(WHAT TO WORK ON)
Send back the data below exactly. Drop every picture.

*** Opening RECORDS FOR THIS EXERCISE ***

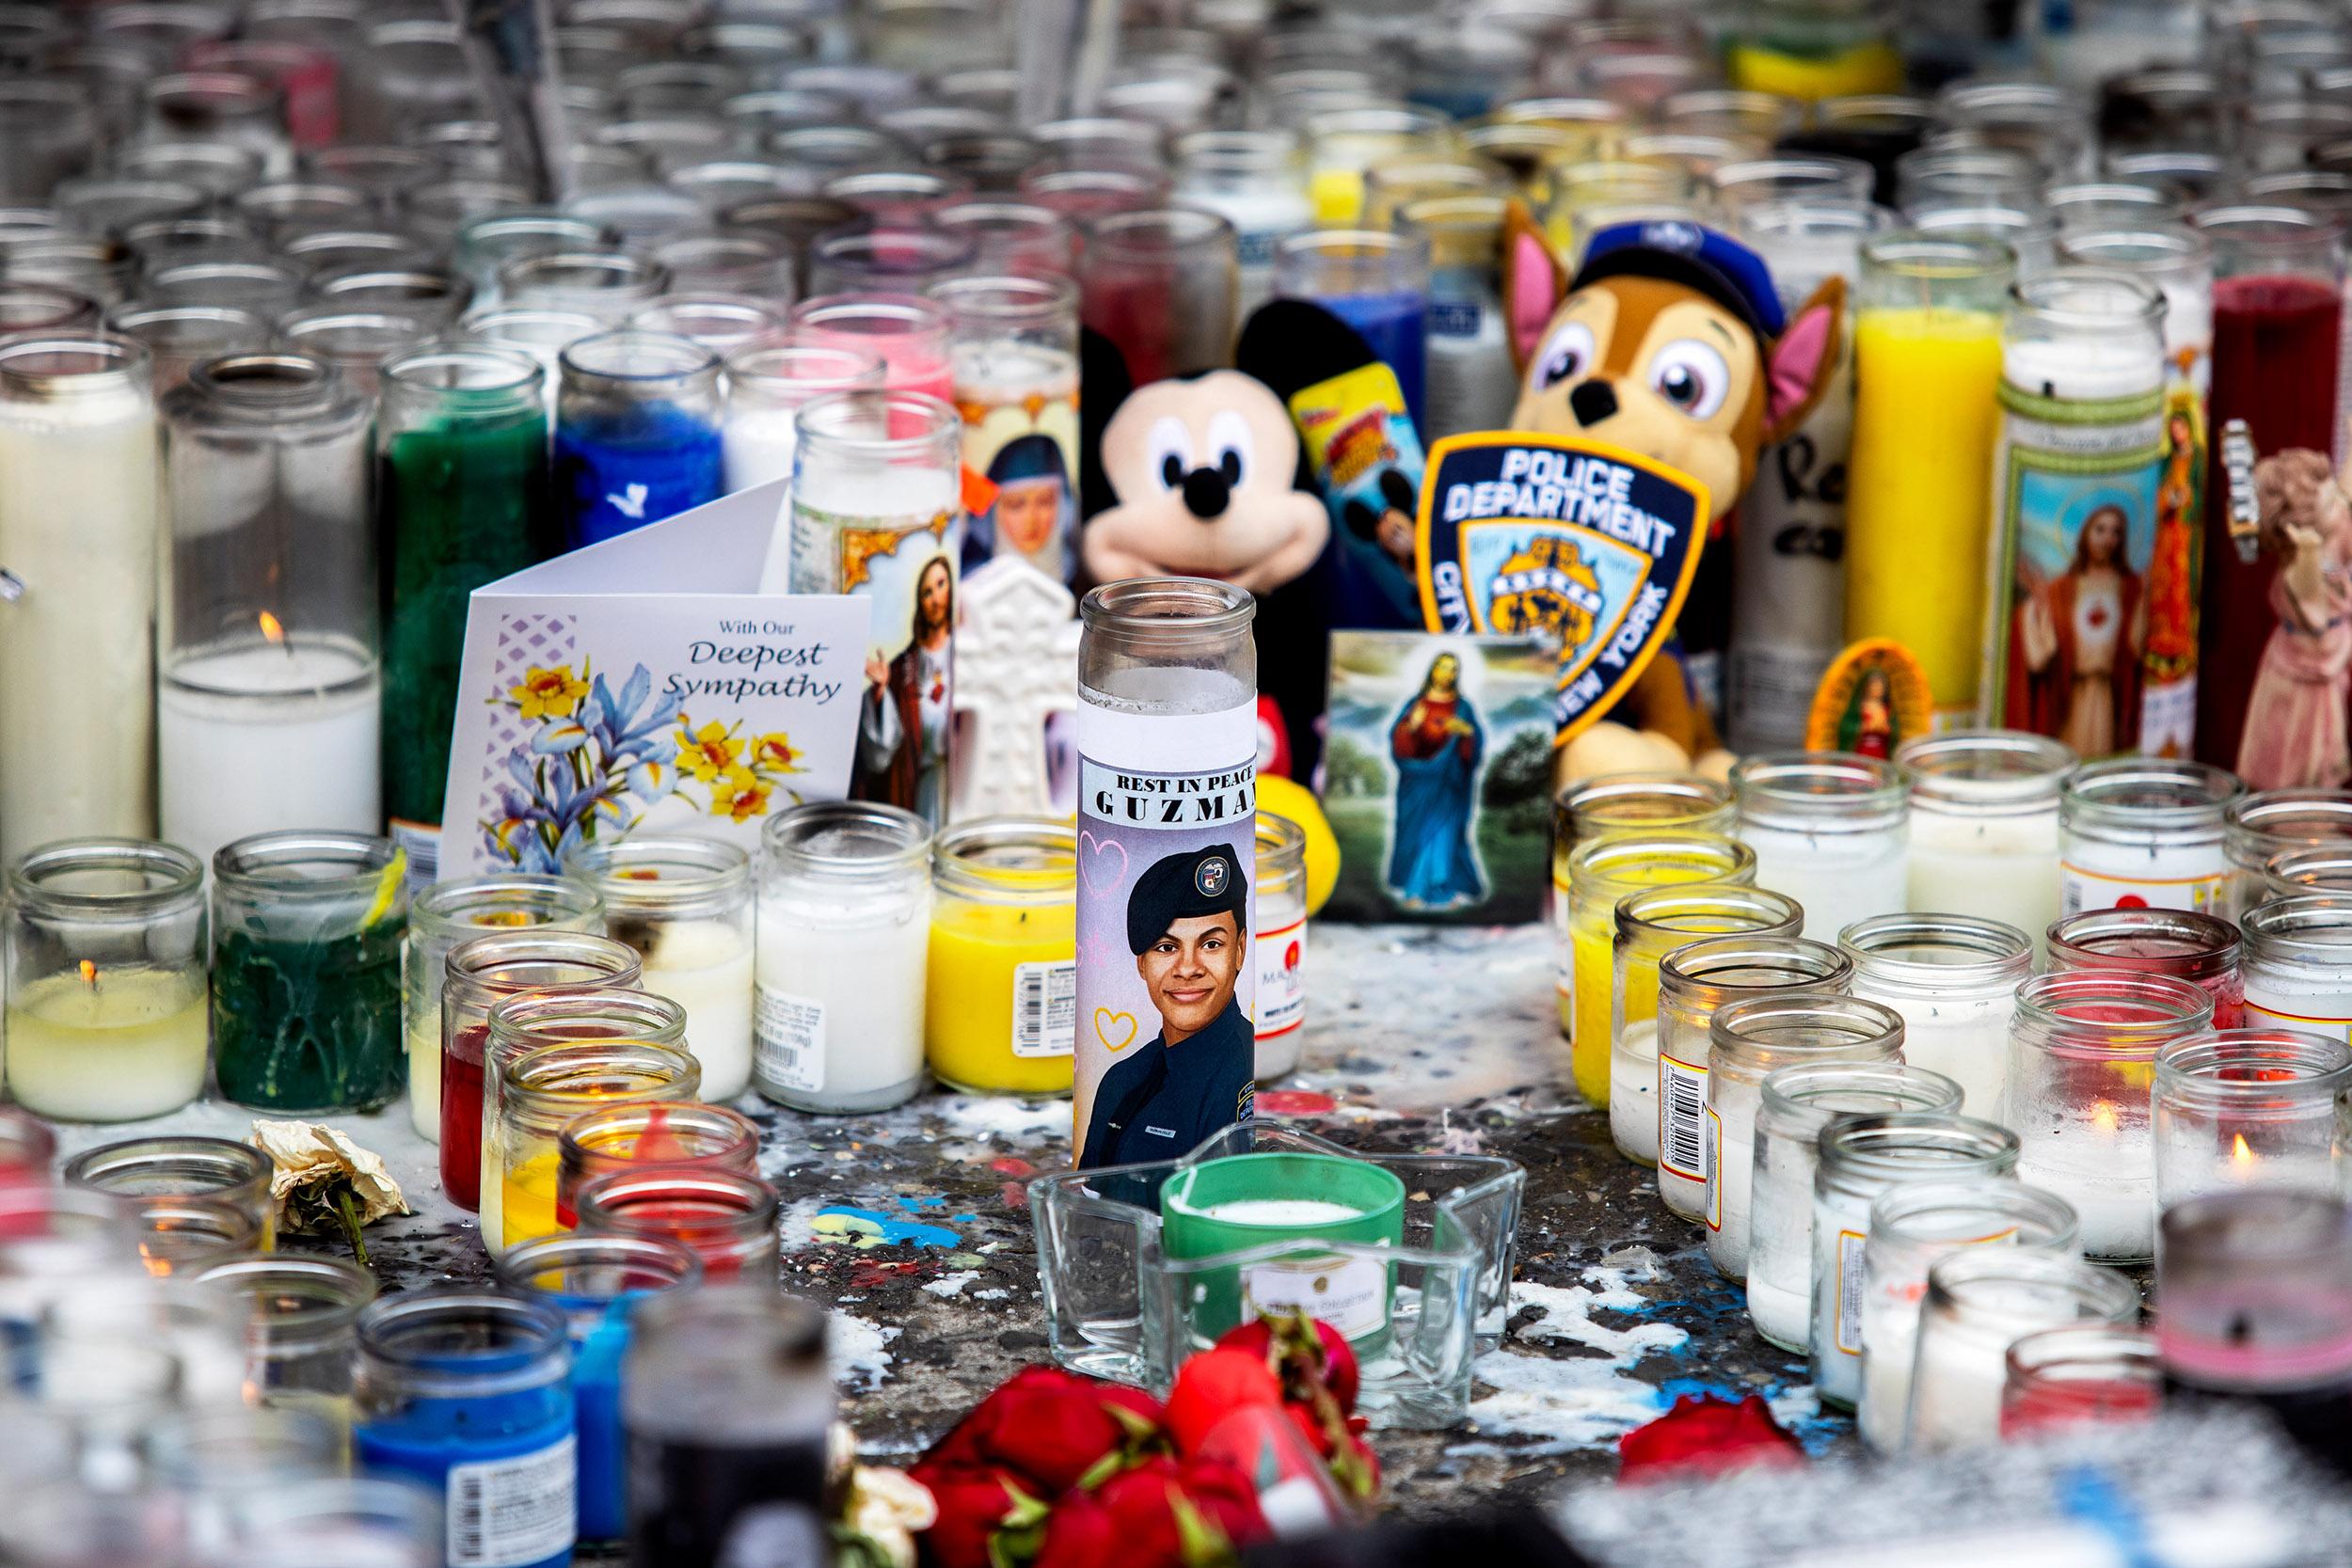 DFreeman_Mourning Lesandro Guzman-Feliz10.jpg
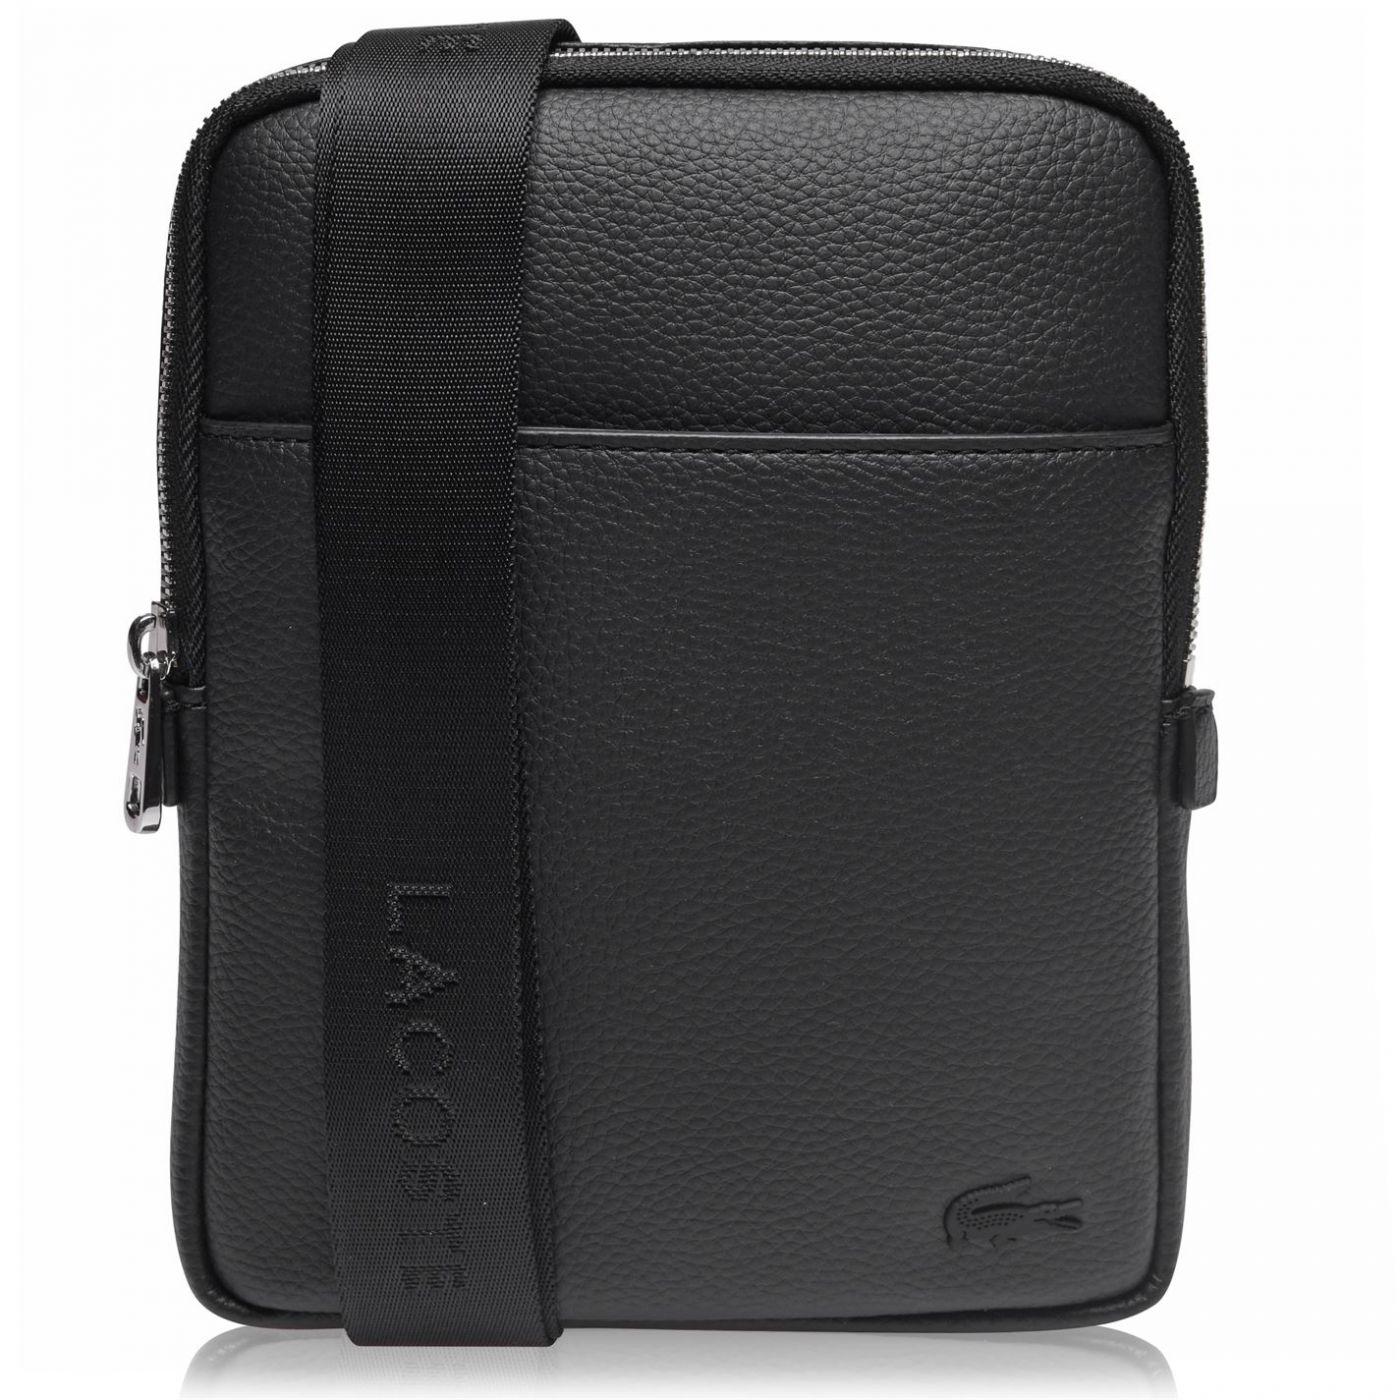 Lacoste Flat Cross Body Bag
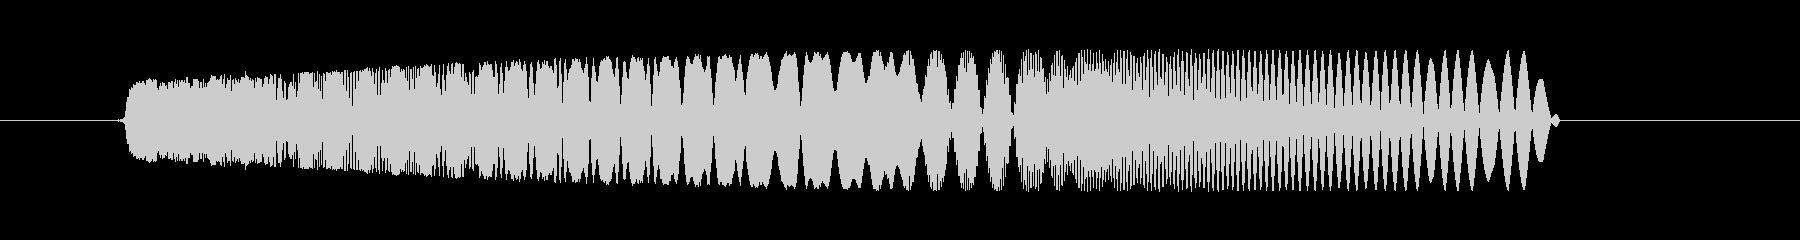 チューン(TVやモニターを消す時などに)の未再生の波形
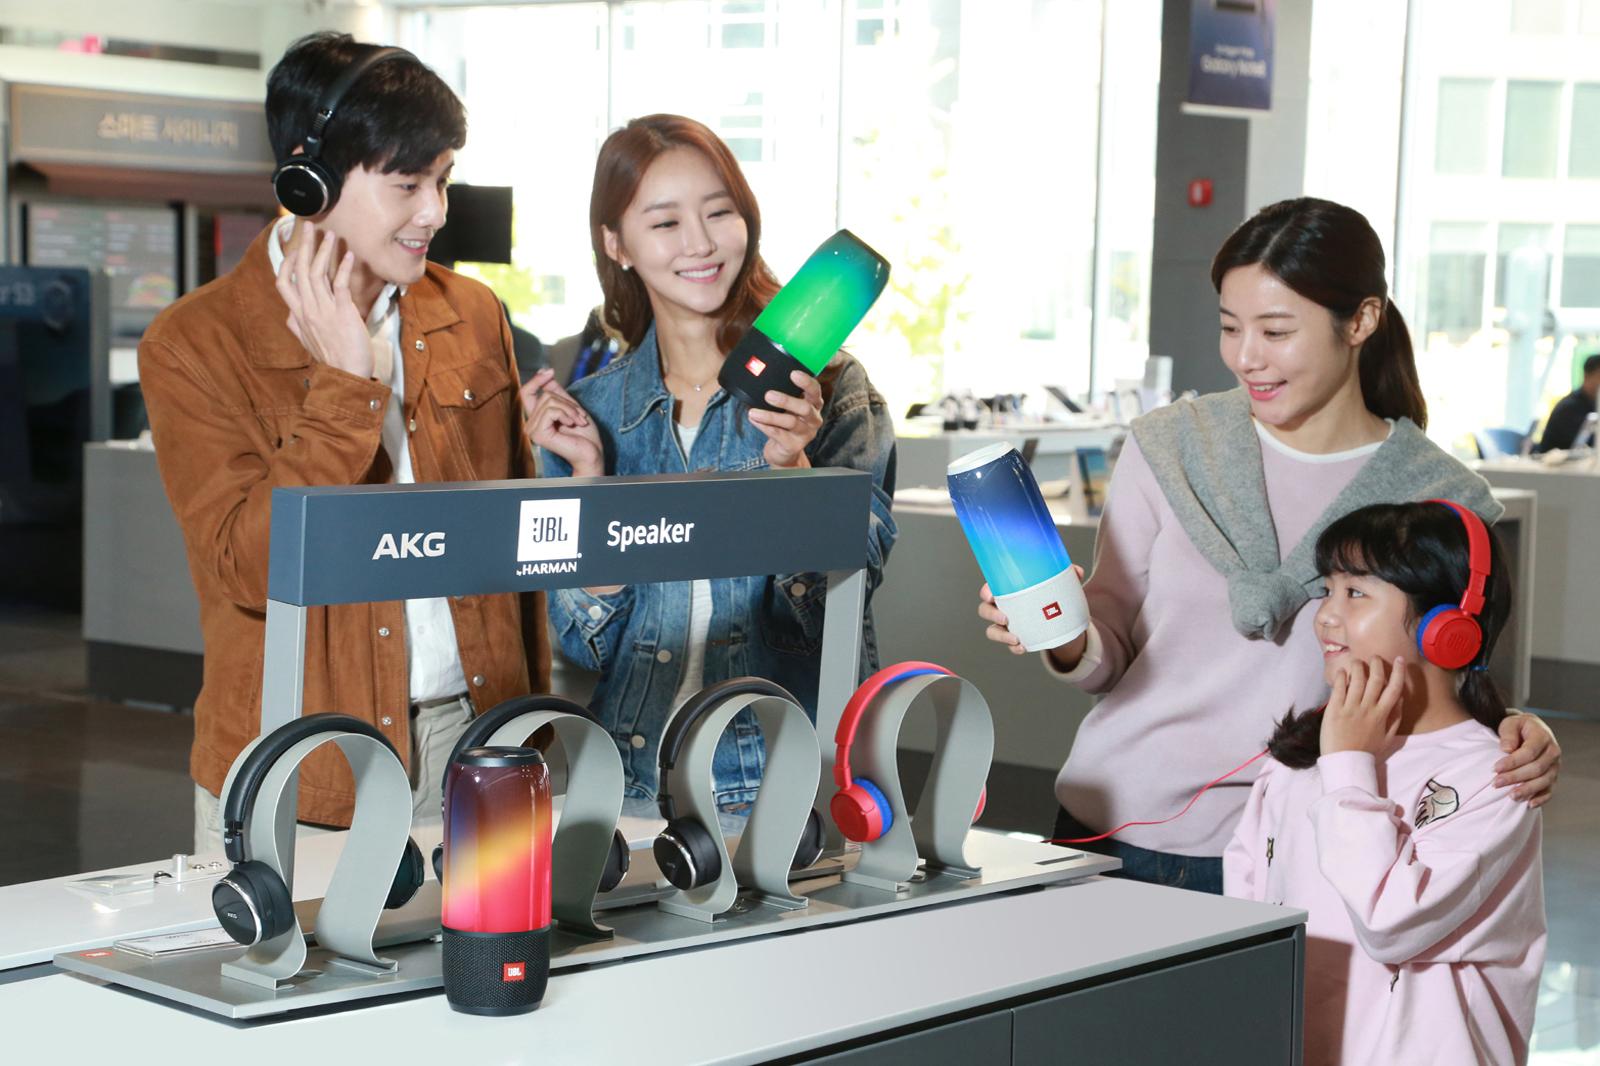 삼성전자 모델들이 서울 강남대로에 위치한 삼성디지털프라자 강남본점에서 JBL과 AKG의 음향기기 신제품을 체험하고 있다. 신제품은 JBL의 휴대용 블루투스 스피커 '펄스3 (PULSE3)'와 어린이 전용 헤드폰 'JR300', AKG의 노이즈 캔슬링 (Noise Canceling) 헤드폰'N60NC wireless' 3개 제품이다. 가격은 JBL'펄스3' 29만 9천원, JBL'JR300'4만 9천원, AKG'N60NC wireless' 39만 9천원이며, 전국 삼성 디지털프라자 매장과 하이마트, 일렉트로마트 등 국내 전자 제품 대표 매장에서 구매할 수 있다.
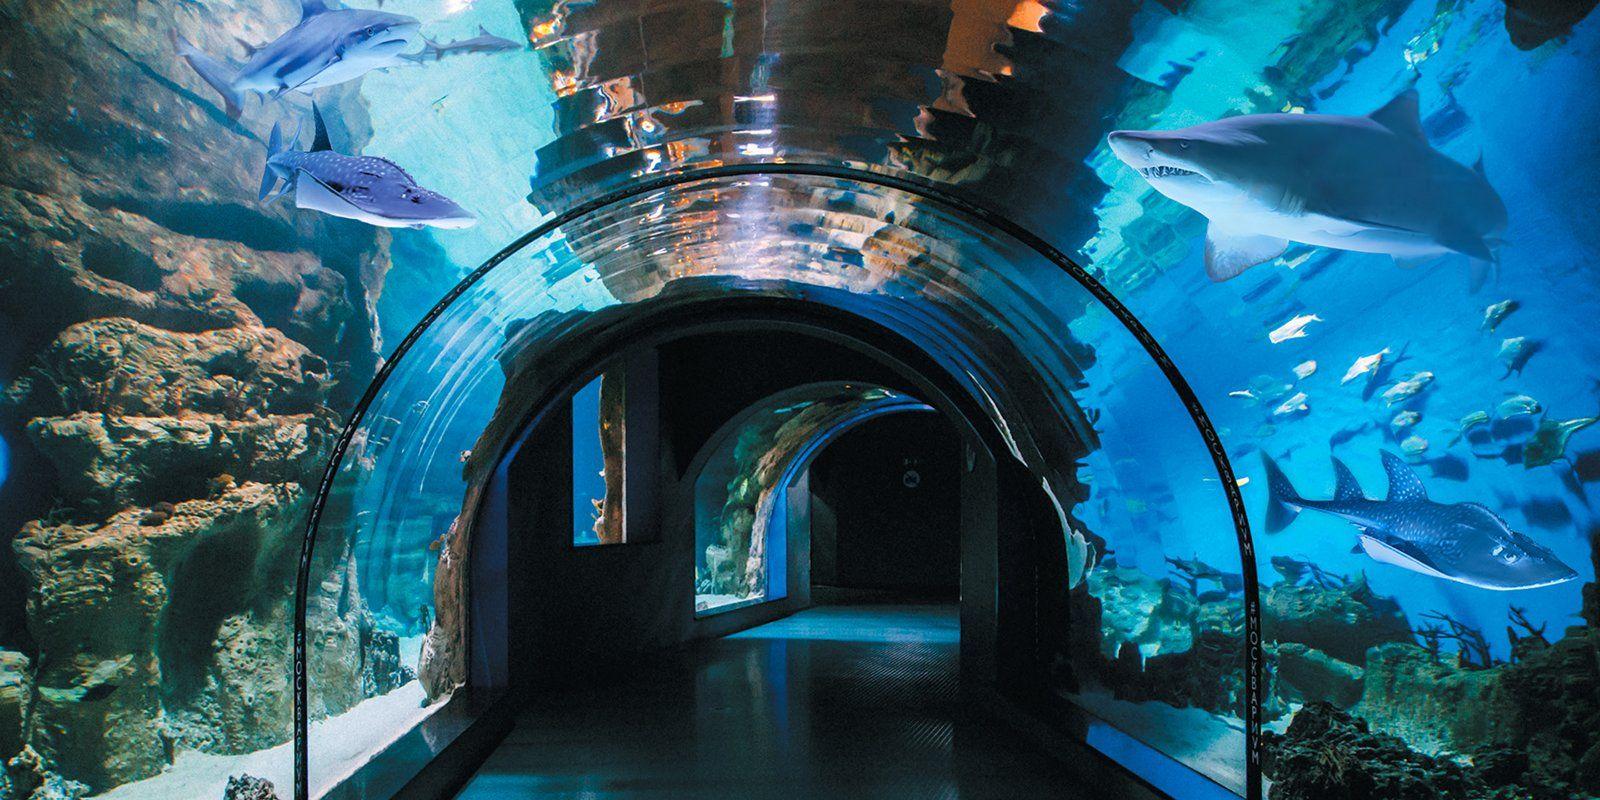 Московский океанариум на ВДНХ подготовил познавательные видеоматериалы

*** Closing RECORDS FOR THIS EXERCISE ***

(SOLUTION)
 DFreeman_Mourning Lesandro Guzman-Feliz10.jpg
 Lacoste Flat Cross Body Bag
 チューン(TVやモニターを消す時などに)の未再生の波形
 삼성전자 모델들이 서울 강남대로에 위치한 삼성디지털프라자 강남본점에서 JBL과 AKG의 음향기기 신제품을 체험하고 있다. 신제품은 JBL의 휴대용 블루투스 스피커 '펄스3 (PULSE3)'와 어린이 전용 헤드폰 'JR300', AKG의 노이즈 캔슬링 (Noise Canceling) 헤드폰'N60NC wireless' 3개 제품이다. 가격은 JBL'펄스3' 29만 9천원, JBL'JR300'4만 9천원, AKG'N60NC wireless' 39만 9천원이며, 전국 삼성 디지털프라자 매장과 하이마트, 일렉트로마트 등 국내 전자 제품 대표 매장에서 구매할 수 있다.
 Московский океанариум на ВДНХ подготовил познавательные видеоматериалы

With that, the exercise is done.